Researchers found that explicit, systematic instruction in sound-spelling relationships in the classroom was more effective in reducing reading disabilities than a print-rich environment characterized by interesting stories, even with children who had benefited from phonemic awareness instruction in kindergarten.

Prediction From Context is not a Useful Strategy for Word Recognition
One of the techniques of "whole language" is prediction - that faced with an unknown word, children can 'guess' the meaning by the surrounding words.

  • Research quite clearly shows that word guessing ... can be counterproductive.
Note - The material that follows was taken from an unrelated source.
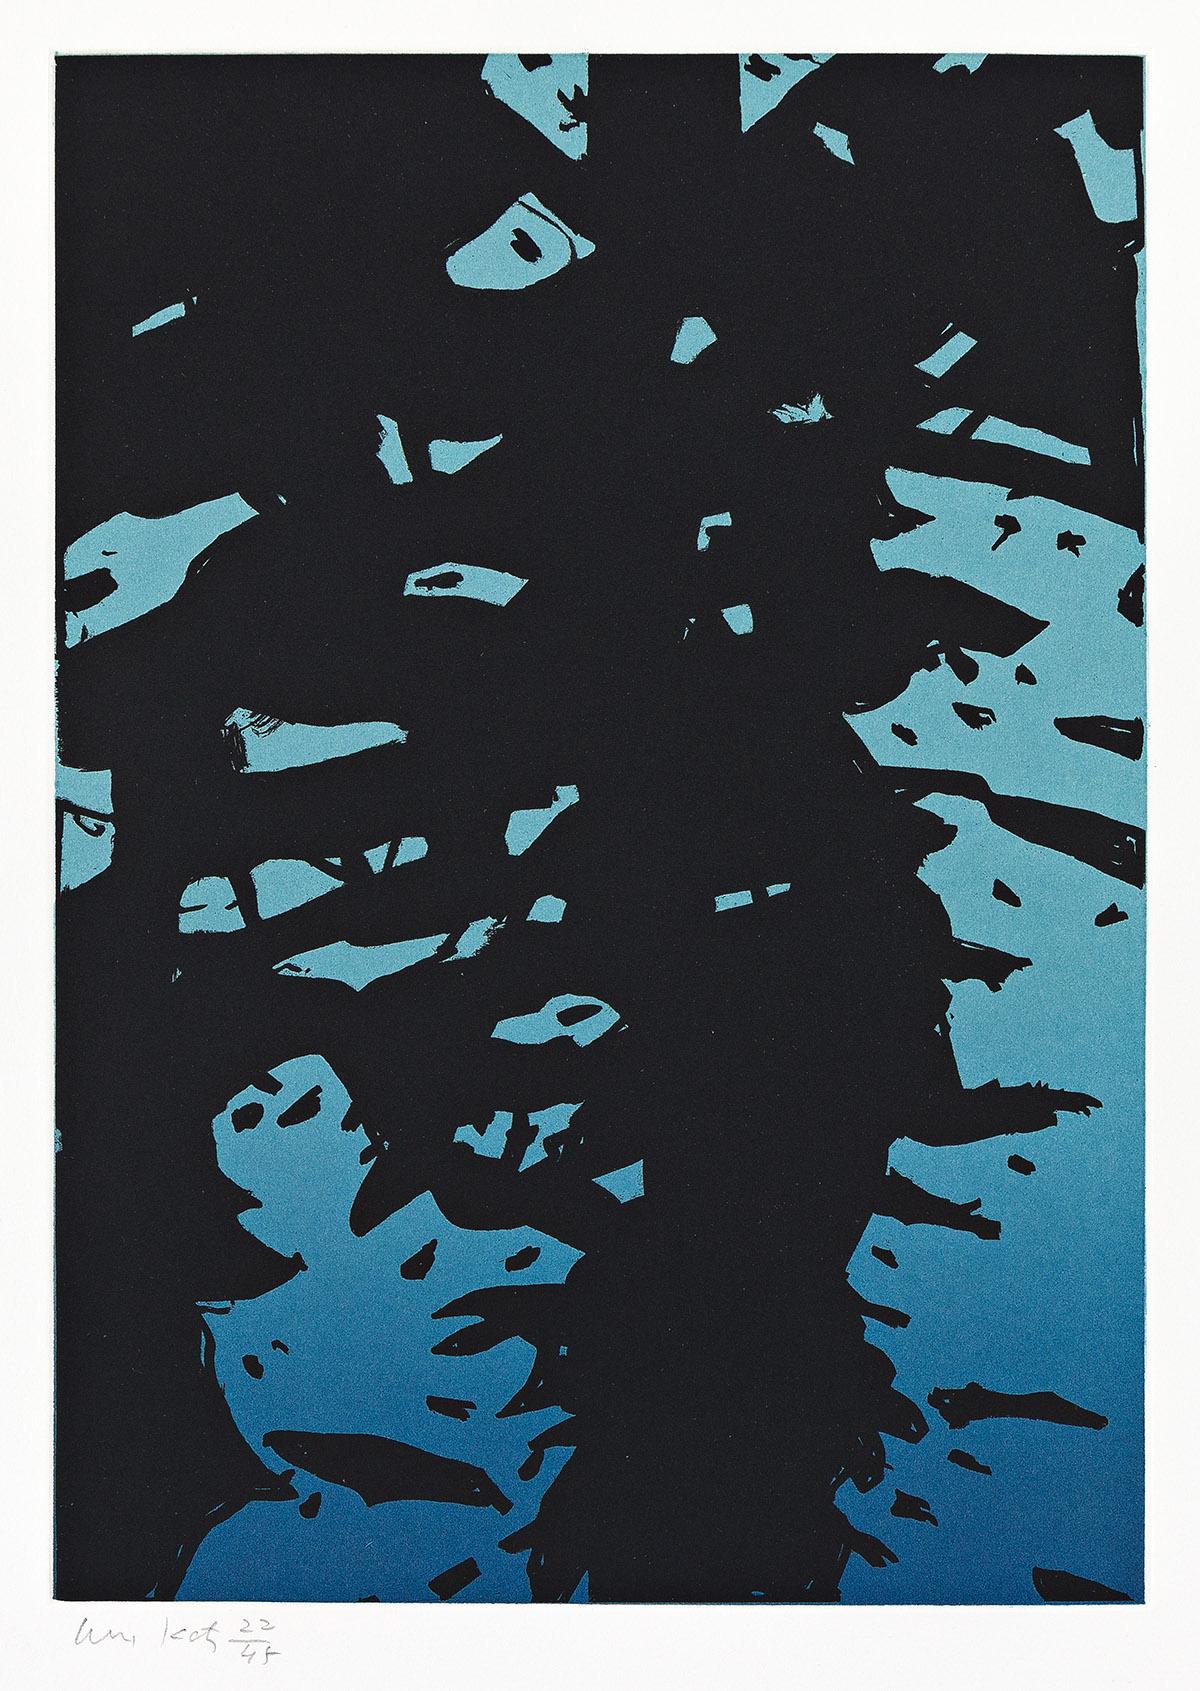 Alex Katz Abstract Print - Reflection I

Stanovich and Stanovich (1995) recently summarized the research findings regarding the "predictability of authentic text":

"...It is often incorrectly assumed that predicting upcoming words in sentences is a relatively easy and highly accurate activity. Actually, many different empirical studies have indicated that naturalistic text is not that predictable. It works best for function words, and is often quite low for the very words in the passage that carry the most information content." (p. 90)

  • "...the word recognition skills of the good reader are so rapid, automatic, and efficient that the skilled reader need not rely on contextual information. In fact, it is poor readers who guess from context--out of necessity because their decoding skills are so weak."